I am going to create a Gym Environment for Franka Emika Panda robot using PyBullet. This environment is useful for testing Robotic Grasping which will look something like:

OpenAI Gym recommends, here, for instance, if you want to create an environment called foo the environment code, foo_env.py, should look something like:

  import gym
  from gym import error, spaces, utils
  from gym.utils import seeding

  class FooEnv(gym.Env):
    metadata = {'render.modes': ['human']}

    def __init__(self):
      ...
    def step(self, action):
      ...
    def reset(self):
      ...
    def render(self, mode='human'):
      ...
    def close(self):
      ...

For this post, I’ll name it gym-panda so I am going to add the functions into panda_env.py. As you saw in the last post, we had to include libraries necessary for PyBullet and interacting with the environment as follows:

import gym
from gym import error, spaces, utils
from gym.utils import seeding

import os
import pybullet as p
import pybullet_data
import math
import numpy as np
import random

class PandaEnv(gym.Env):
    metadata = {'render.modes': ['human']}

    def __init__(self):
        ...
    def step(self, action):
        ...
    def reset(self):
        ...
    def render(self, mode='human'):
        ...
    def close(self):
        ...

First, we need to initialize the environment. I choose to connect to PyBullet using GUI (pybullet.connect(p.GUI).) Then, I adjust the view angle of the environment using p.resetDebugVisualizerCamera().
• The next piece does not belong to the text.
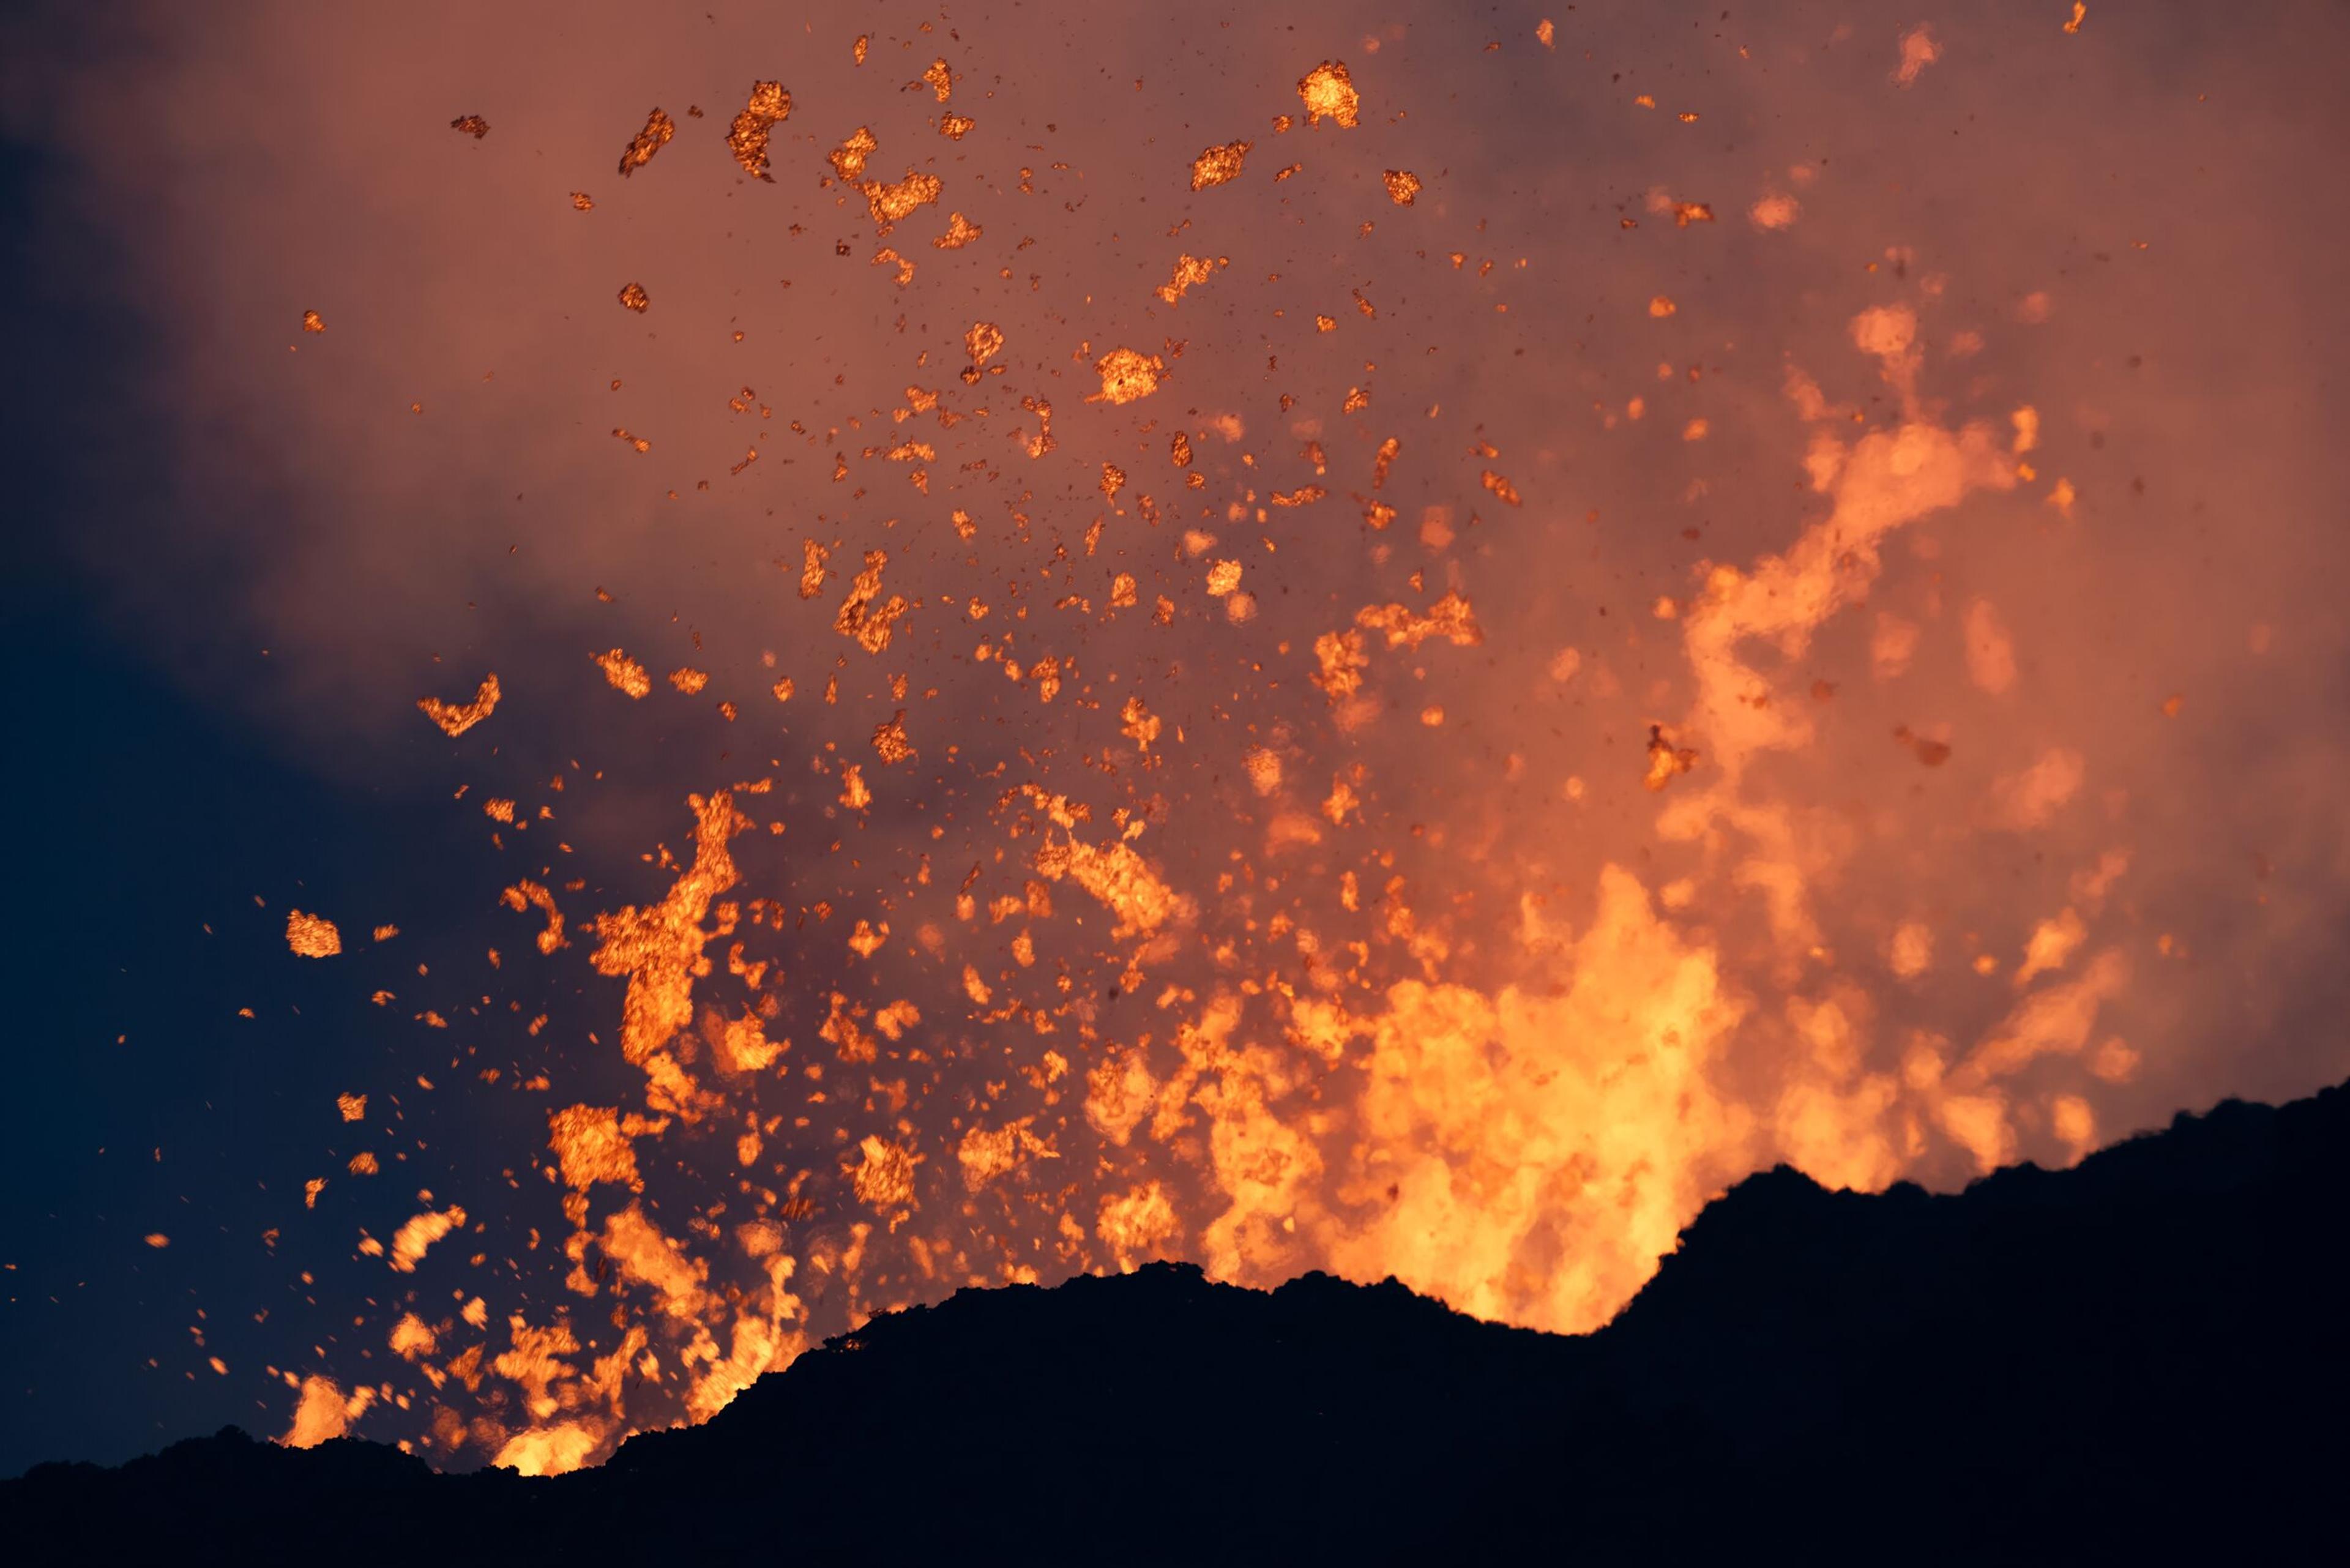 Close-up image of vibrant red lava erupting and splattering into the air, surrounded by billowing smoke.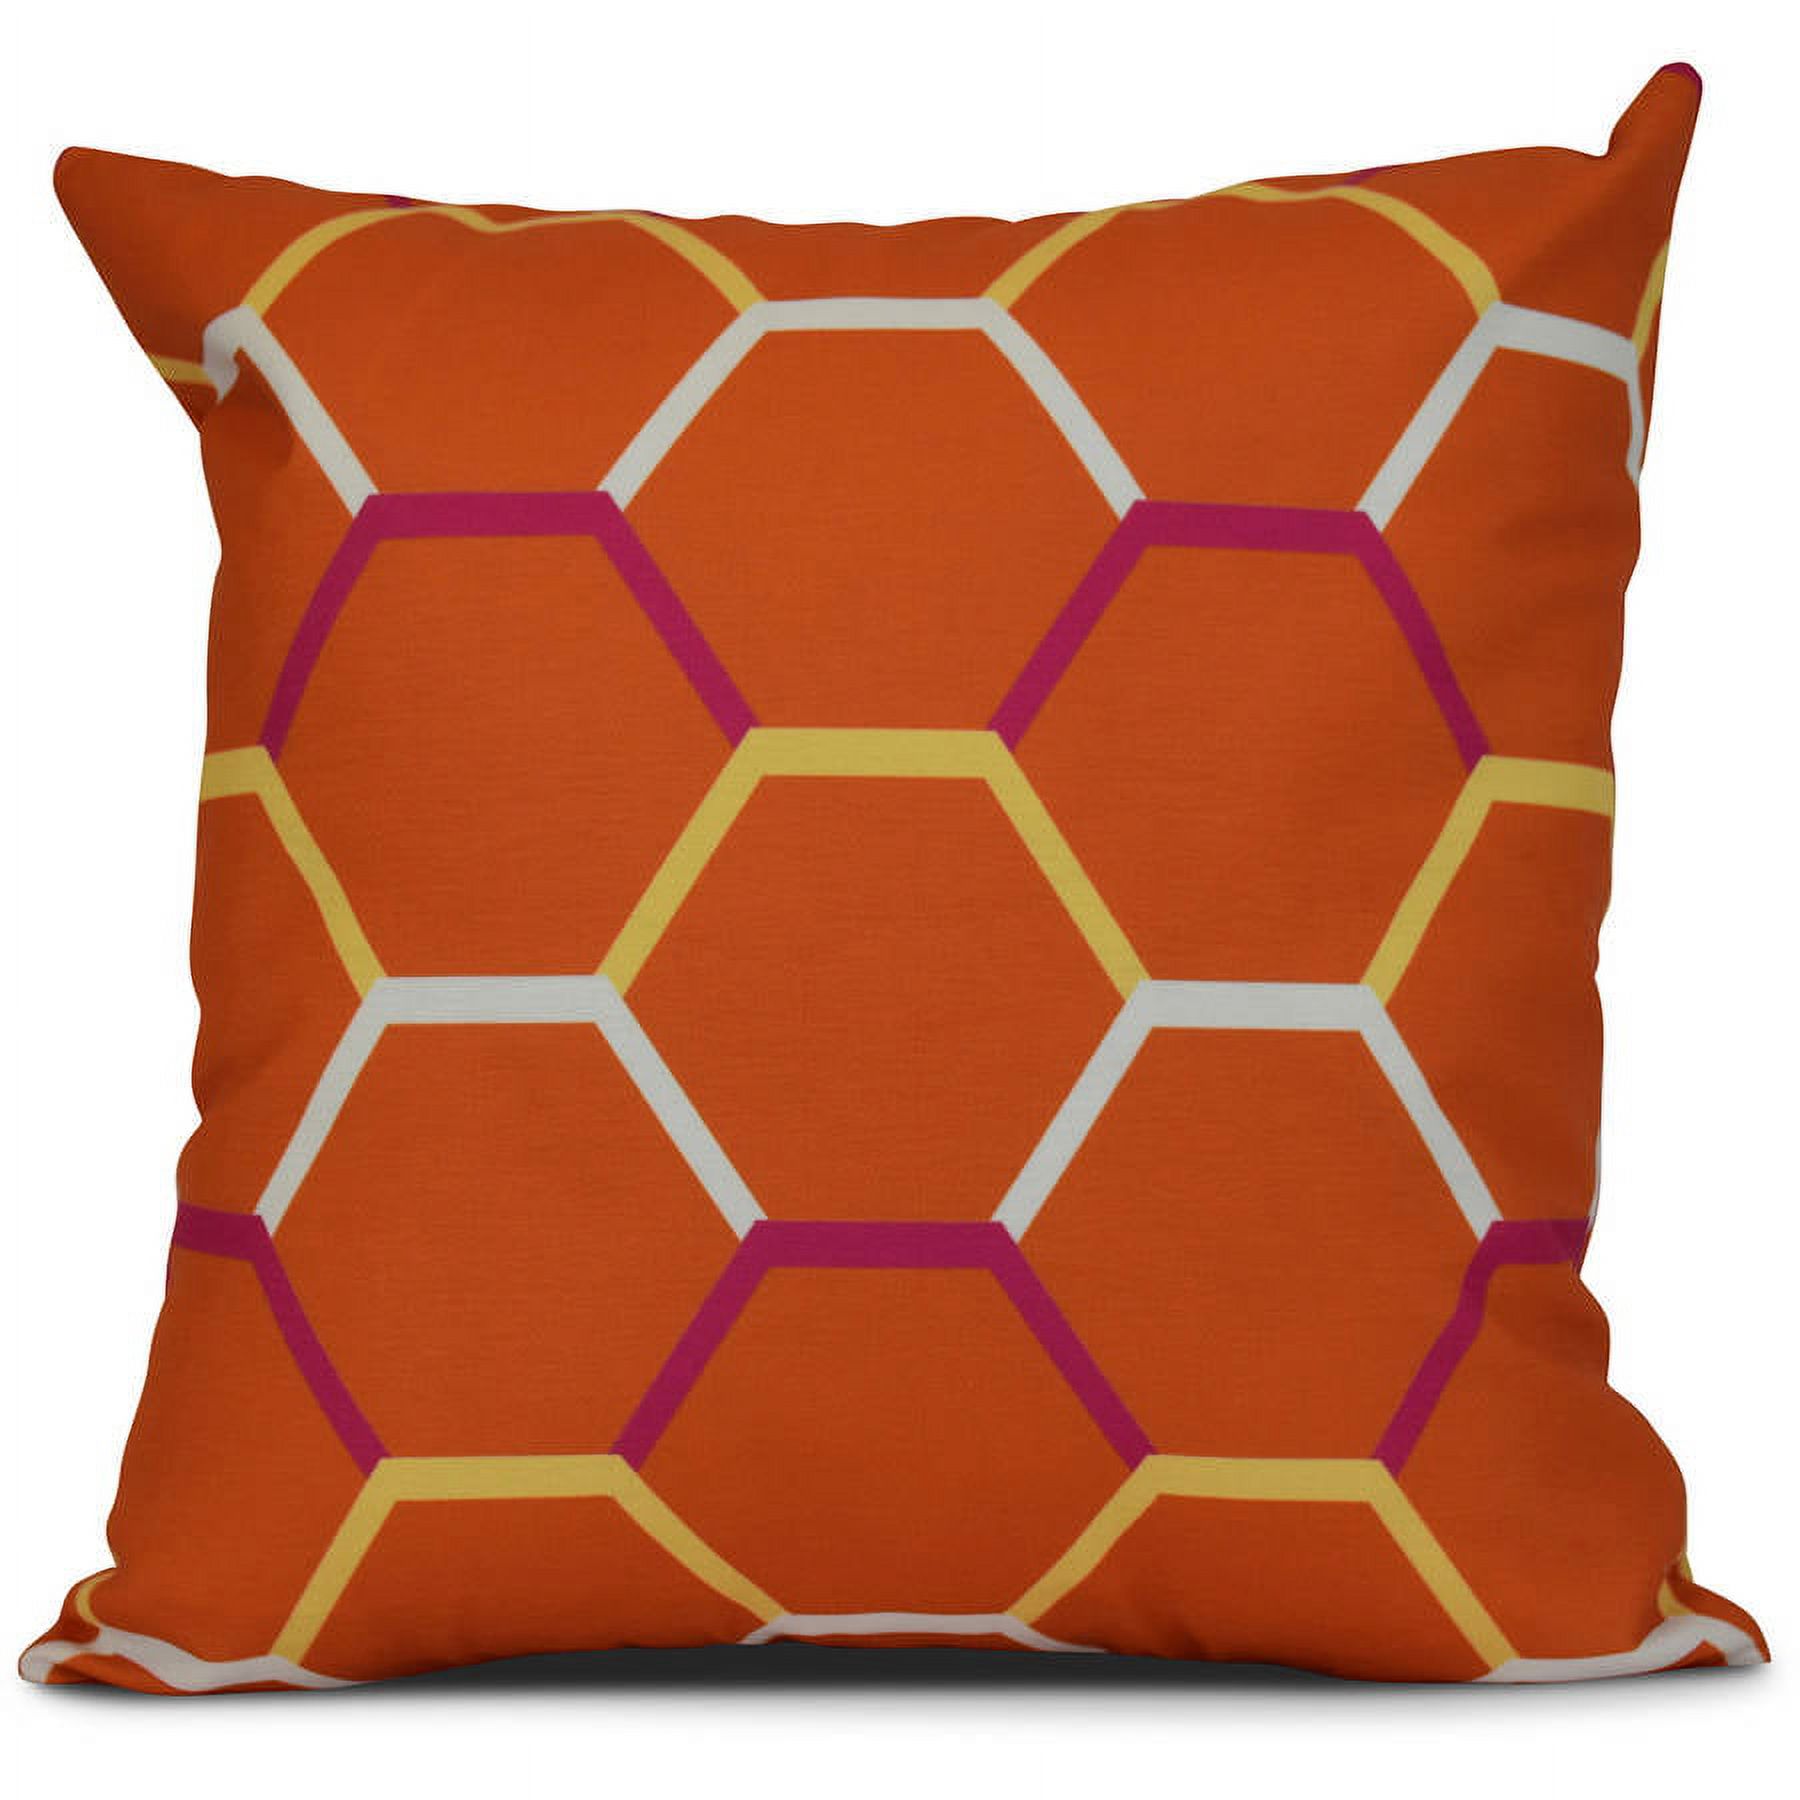 Simply Daisy, Cool Shades, Geometric Print Outdoor Pillow - image 1 of 2

Every environment comes with an action_space and an observation_space. These attributes are of type Space, and they describe the format of valid actions and observations. Our environment is going to have continuous action and observation space. The Box space represents an n-dimensional box. We are going to read the joint variables of each fingers (there are two fingers) as well as the Cartesian position of the end-effector (since, I assume the gripper is always downward for simplicity, we don’t need the orientation here), so valid observations will be an array of 5 numbers. I also choose the actions to be the target Cartesian position of the end-effector and a joint variable for both fingers which will be an array of 4 numbers. Again for simplicity, I am not considering the orientation since I am assuming the gripper is downward with angle. Box and Discrete are the most common Spaces in Gym. You can sample from a Space or check that something belongs to it. The action_space and observation_space can be defined using spaces.Box(). Finally, The initialization of the environment will be:

def __init__(self):
        p.connect(p.GUI)
        p.resetDebugVisualizerCamera(cameraDistance=1.5, cameraYaw=0, cameraPitch=-40, cameraTargetPosition=[0.55,-0.35,0.2])
        self.action_space = spaces.Box(np.array([-1]*4), np.array([1]*4))
        self.observation_space = spaces.Box(np.array([-1]*5), np.array([1]*5))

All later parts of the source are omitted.